A relying party (RP) is responsible for issuing and authenticating passkeys. Typically, a relying party is in charge of the server-side and client ceremonies.
How to choose the best Relying Party ID (rpID) for your application
Because the binding of the relying party is a crucial component of a passkey registration and authentication ceremony, choosing a rpID is an important decision before turning passkeys on for your users. By its nature, passkeys are tightly bound to their rpID, so changing it after a passkey rollout can become problematic.
The simplest approach is to choose the highest level parent domain as your rpID, for example, yourwebsite.com. By choosing this as your rpID, you can use the passkey across both the parent domain and all subdomains, for example, app1.yourwebsite.com and app2.yourwebsite.com. Do note that this doesn’t apply the other way around; if you register a passkey with a rpID of app1.yourwebsite.com the passkey is strictly bound to that domain and can’t be used on any other domain, apart from its children subdomain.app1.yourwebsite.com.

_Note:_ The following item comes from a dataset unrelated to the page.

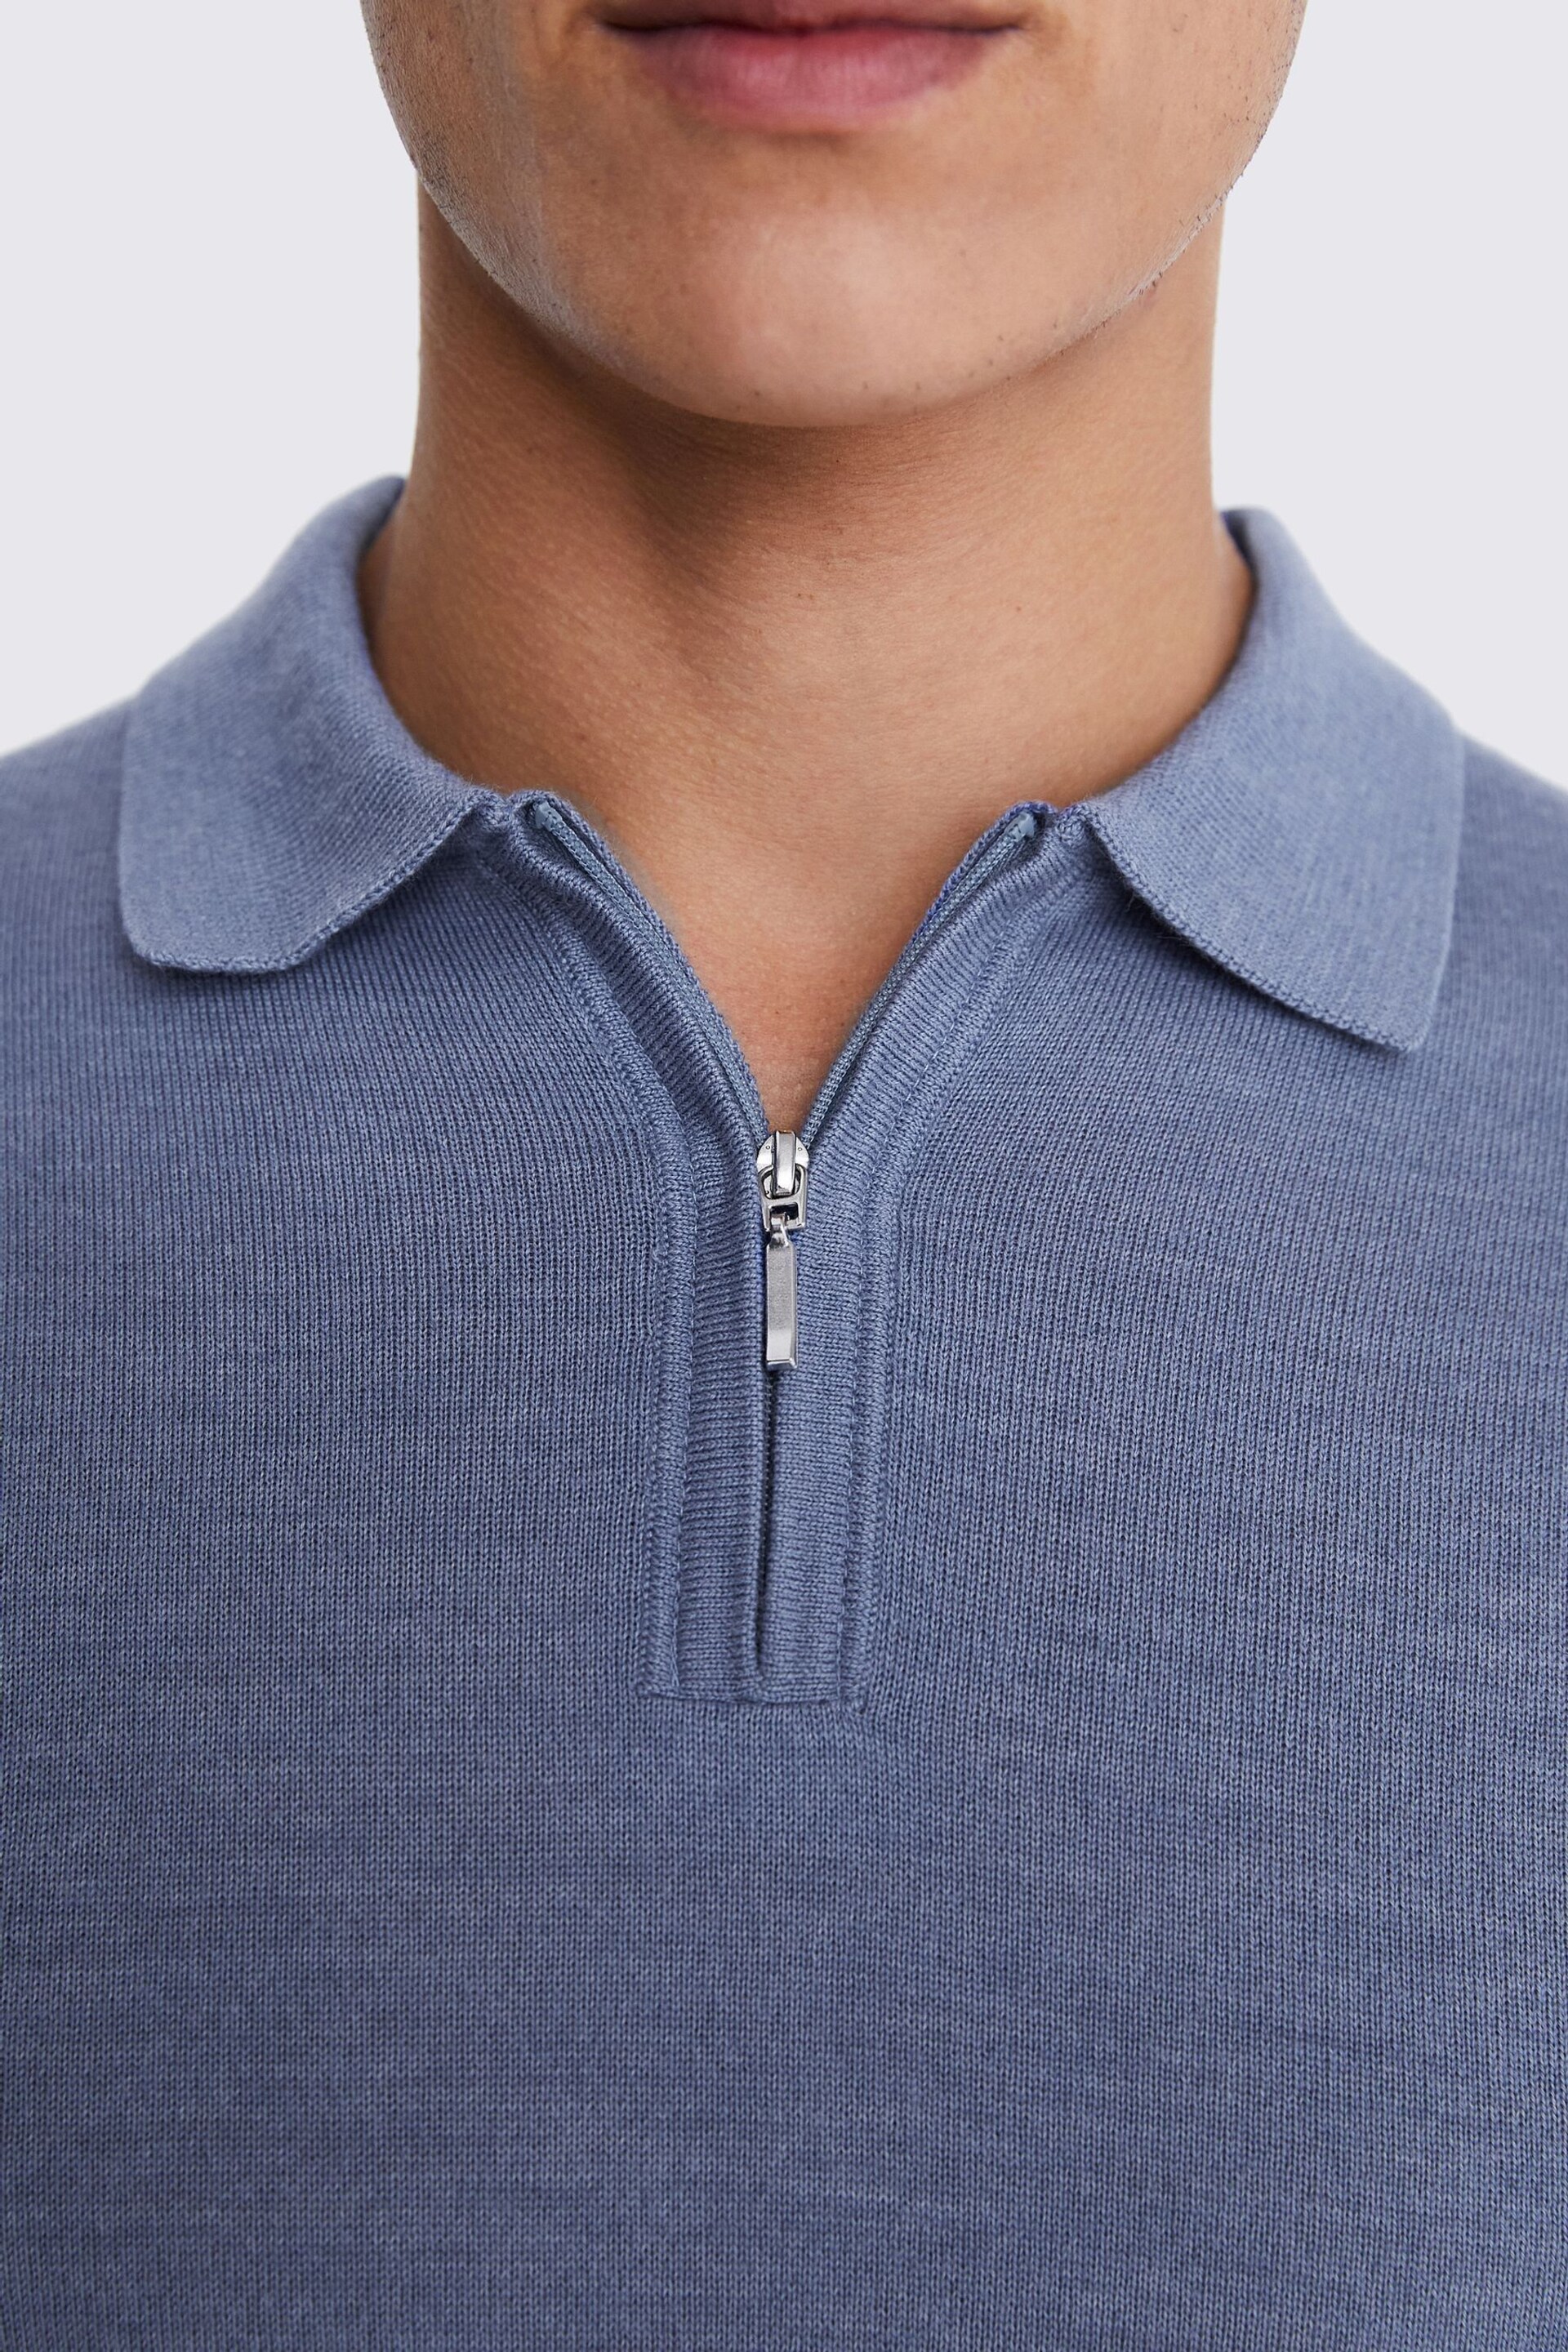 MOSS Sky Blue Merino Quarter Zip Polo Shirt - Image 3 of 3

The next question that typically follows this is, what happens if I have other domains like yourwebsite.com.au or yourwebsite.co.uk. This scenario constitutes a cross-origin registration. As of this blog post (July 2024), cross-origin passkey registration is still in the early roll-out phases amongst browsers and not widely supported as this specification is a relatively new addition to the WebAuthn API spec. This means that even with an iframe originating from yourwebsite.com, if the parent origin is yourwebsite.com.au then you’d be unable to register passkeys on most browsers. This doesn’t apply to cross-origin verification; if a passkey was registered on yourwebsite.com you’d be able to do a verification process on yourwebsite.co.uk provided you add the domain https://yourwebsite.co.uk to the list of expected origins. This may sound a bit complicated, but the reason for this is to ensure all the domain properties bind to the passkey while allowing a level of controlled flexibility, and we will keep this post up to date on the coverage of cross-origin registration.